Es gibt zwei Arten von GABA-Rezeptoren, A und B, sagte Kaare. Langfristiger Alkoholkonsum beeinflusst die Neurotransmission durch beide Typen bei Männern, aber nur ein Typ, GABA-A, ist bei Frauen betroffen.
"Wir versuchen immer noch herauszufinden, was dies bedeutet, aber GABA ist ein ziemlich grundlegender Neurotransmitter bei der Hemmung vieler Funktionen des Gehirns und des Zentralnervensystems", sagte sie. "Es ist an vielen neurologischen Systemen beteiligt und bei Angstzuständen und Depressionen wichtig. Im Allgemeinen scheint es die Gehirnaktivität zu beruhigen.
„Wir wissen aus Tierstudien, dass die GABA-A-Rezeptoraktivität das Trinkverhalten zu beeinflussen scheint, während GABA-B-Rezeptoren am allgemeinen Wunsch nach Alkohol beteiligt zu sein scheinen. Es wurde vermutet, dass Frauen und Männer unterschiedlich auf Alkohol reagieren. Unsere Arbeit bietet einen möglichen Mechanismus für diese Unterschiede.

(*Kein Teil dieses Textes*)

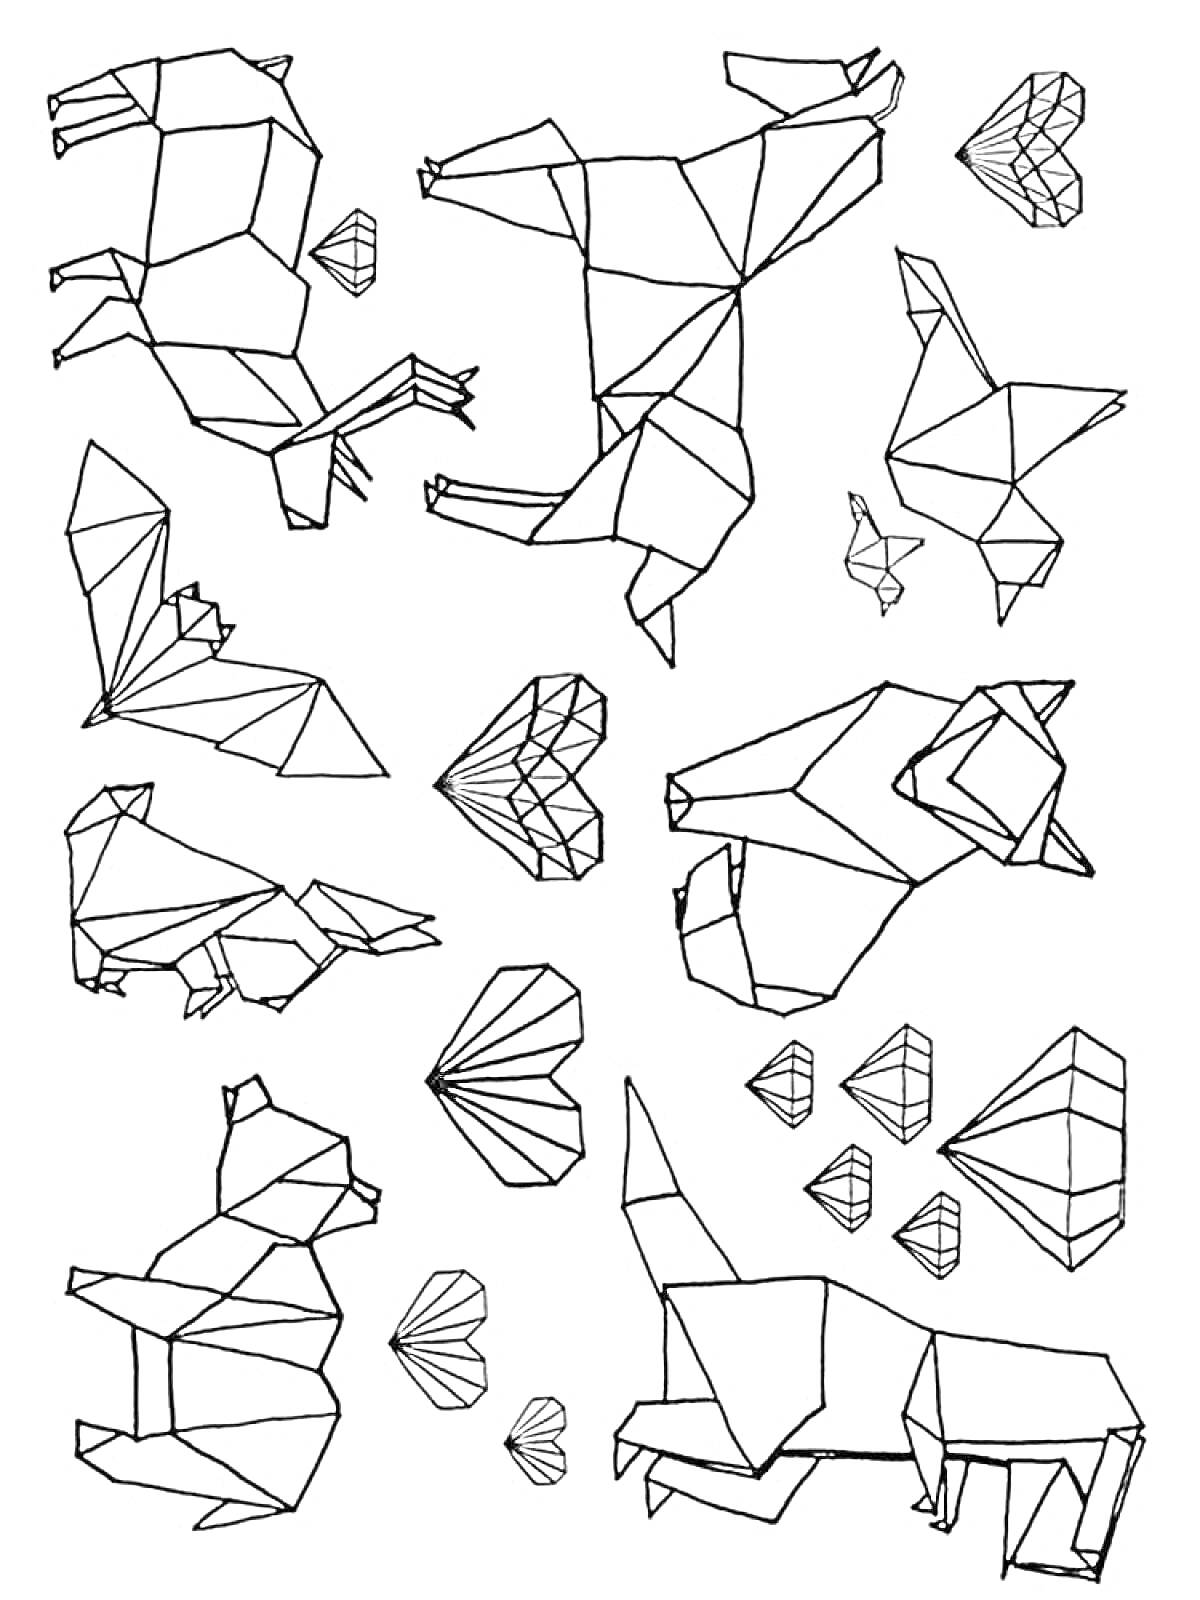 Раскраска Оригами: медведь, олень, птица, рыба, лиса, заяц, лиса с птенцом, алмазы

„Es kann sein, dass wir uns mit strengeren Vorschriften für das Trinken von Jugendlichen befassen müssen, da keiner unserer Studienteilnehmer die diagnostischen Kriterien für Alkoholkonsumstörungen erfüllte und dennoch diese signifikanten Veränderungen der Gehirnfunktion festgestellt wurden. Dies kann auch bedeuten, dass geschlechtsspezifische Unterschiede bei der Planung einer pharmakologischen Behandlung von Alkoholismus berücksichtigt werden sollten. “
Experten glauben, dass die Ergebnisse wichtig sind, da junge Frauen jetzt mehr trinken.
„Dies kann auch bedeuten, dass eine andere Gruppe von Frauen in den frühen starken Alkoholkonsum verwickelt ist als früher. Mit anderen Worten, wenn starkes Trinken häufiger auftritt und zur Norm wird, müssen Frauen keine abweichenden persönlichen Merkmale aufweisen, um eine frühe starke Alkoholkonsumentin zu werden “, sagte Professor Wim van den Brink, Professor für Psychiatrie und Sucht bei das Akademische Medizinische Zentrum der Universität Amsterdam.
„Dies sind sehr interessante Ergebnisse, zumal junge Frauen junge Männer beim Trinken und starken Trinken in Europa einholen. Die Feststellung eines unterschiedlichen EEG-Musters bei männlichen und weiblichen frühen starken Trinkern kann in der Tat wichtige Konsequenzen für die Behandlung von männlichen und weiblichen Patienten mit einer Alkoholkonsumstörung haben. “
Die Studienergebnisse wurden auf dem Treffen des European College of Neuropsychopharmacology (ECNP) in Paris vorgestellt.